WHAT THE TASK REQUIRES :: In the records below, the relevant part opens with the line containing "Stylish handbags never" and closes with the line containing "Original Dustbag, Authenticity Card"; print that part exactly and only, without its pictures.

MATERIAL SHOWN ::
= Beginning of Section =

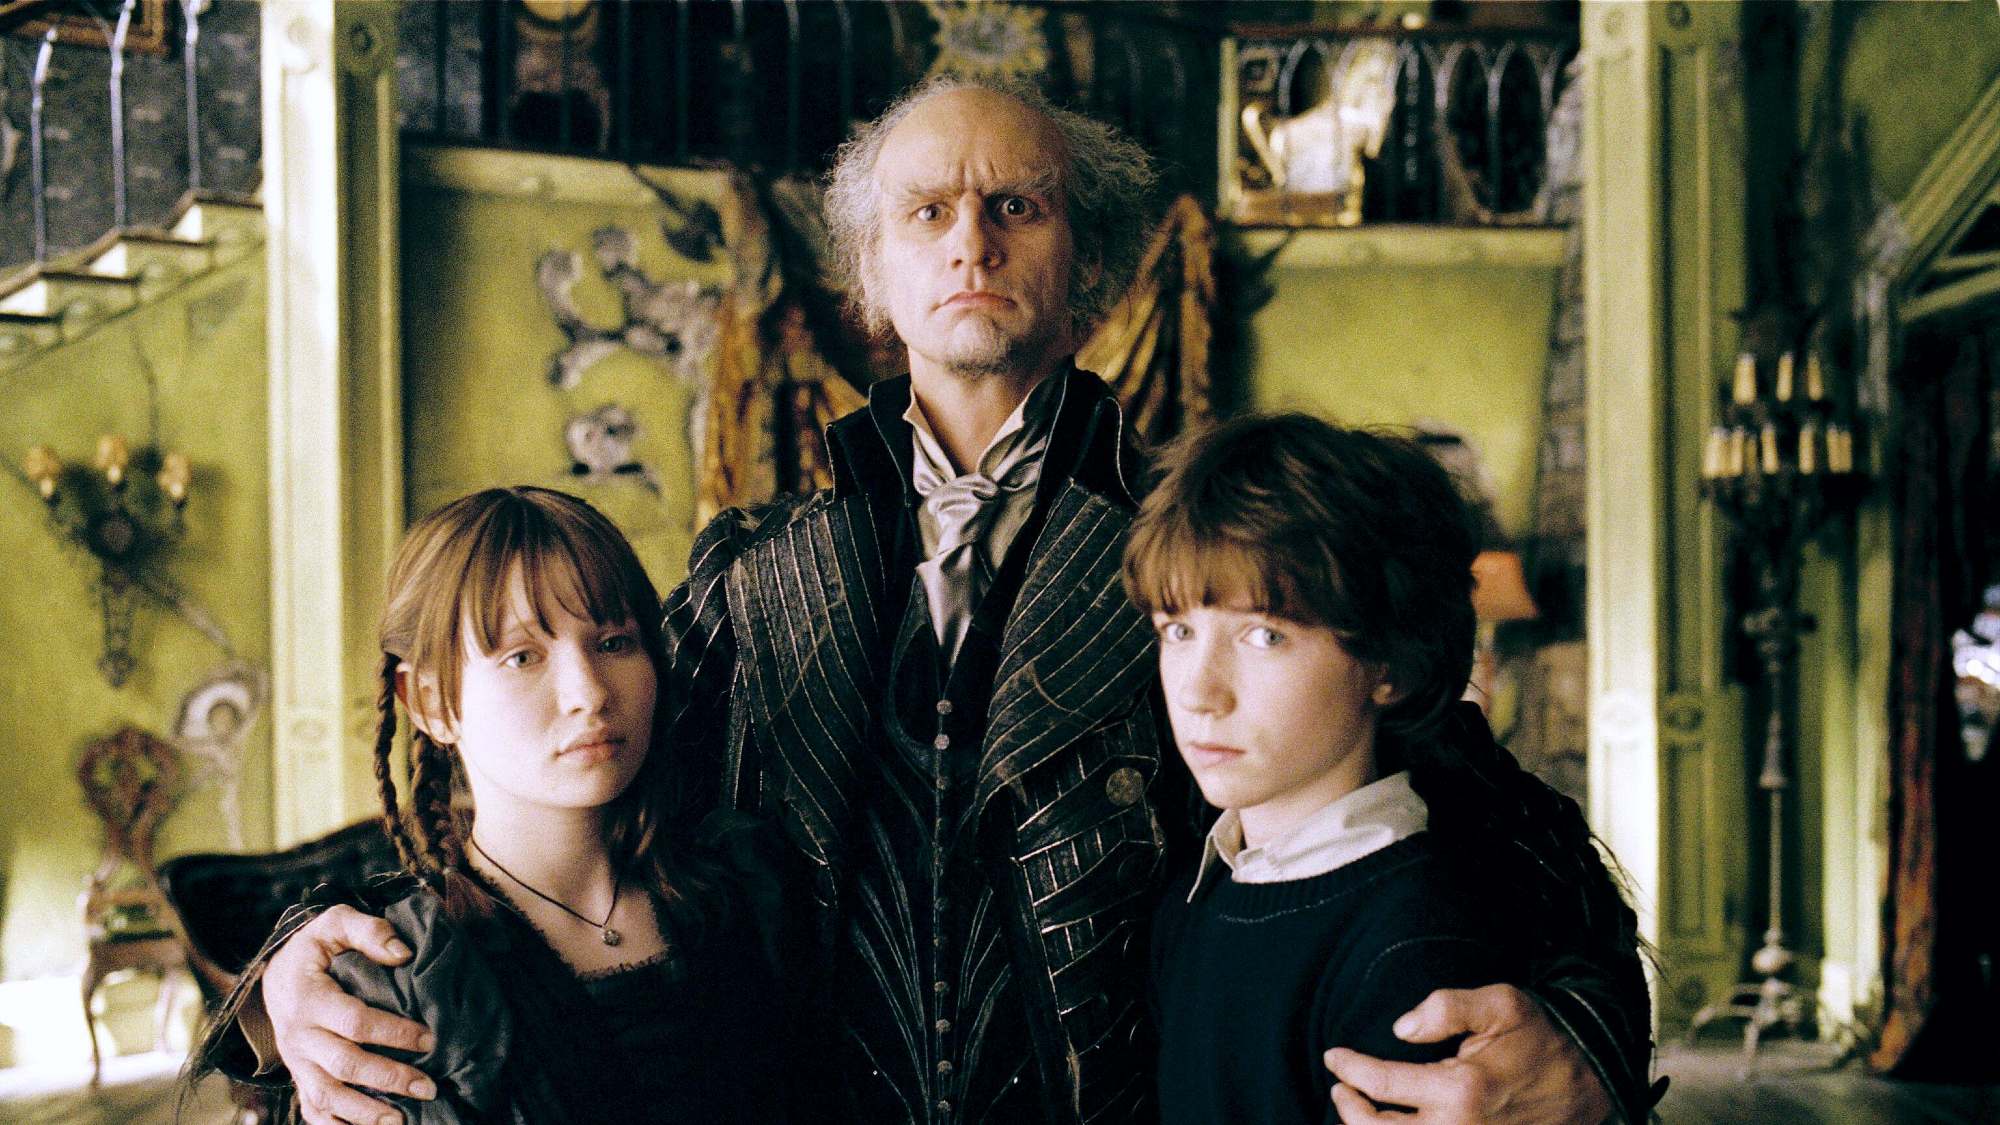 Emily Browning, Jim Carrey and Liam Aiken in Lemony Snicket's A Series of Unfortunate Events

= End of Section =
= Beginning of Section =

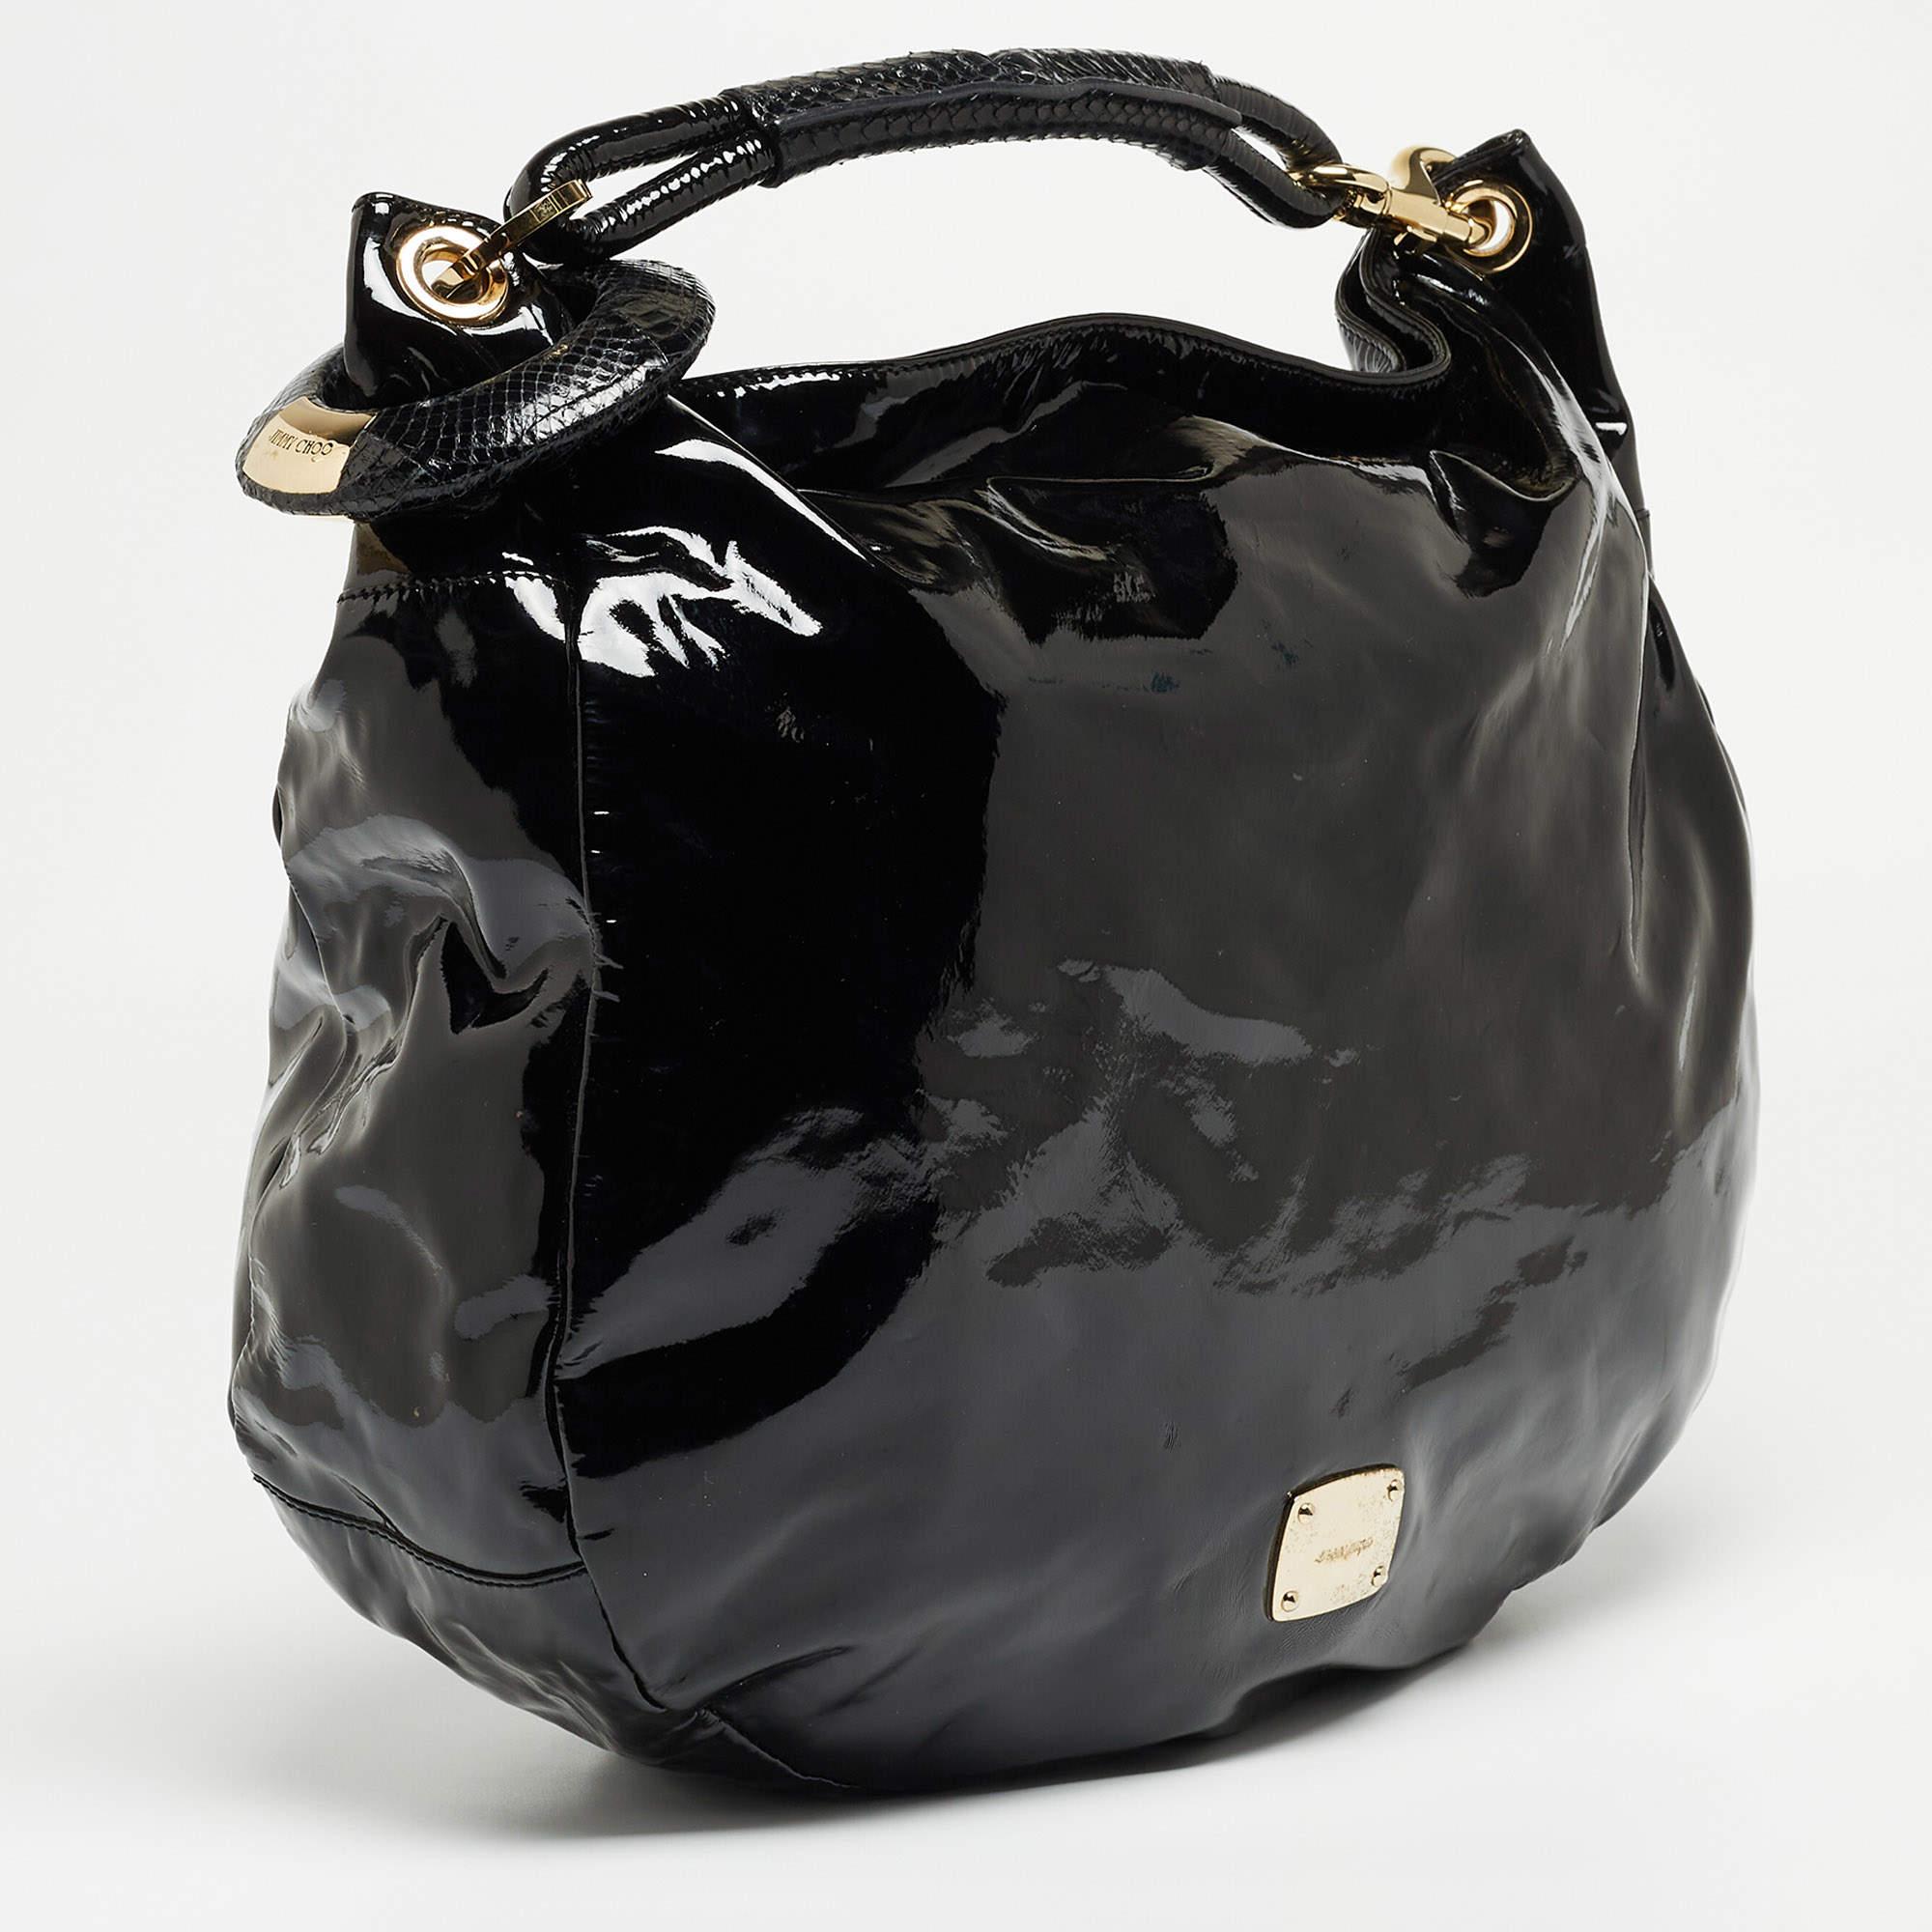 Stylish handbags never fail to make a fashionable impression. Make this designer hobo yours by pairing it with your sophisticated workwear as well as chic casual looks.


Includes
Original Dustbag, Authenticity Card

= End of Section =

ANSWER SECTION ::
 Stylish handbags never fail to make a fashionable impression. Make this designer hobo yours by pairing it with your sophisticated workwear as well as chic casual looks.


Includes
Original Dustbag, Authenticity Card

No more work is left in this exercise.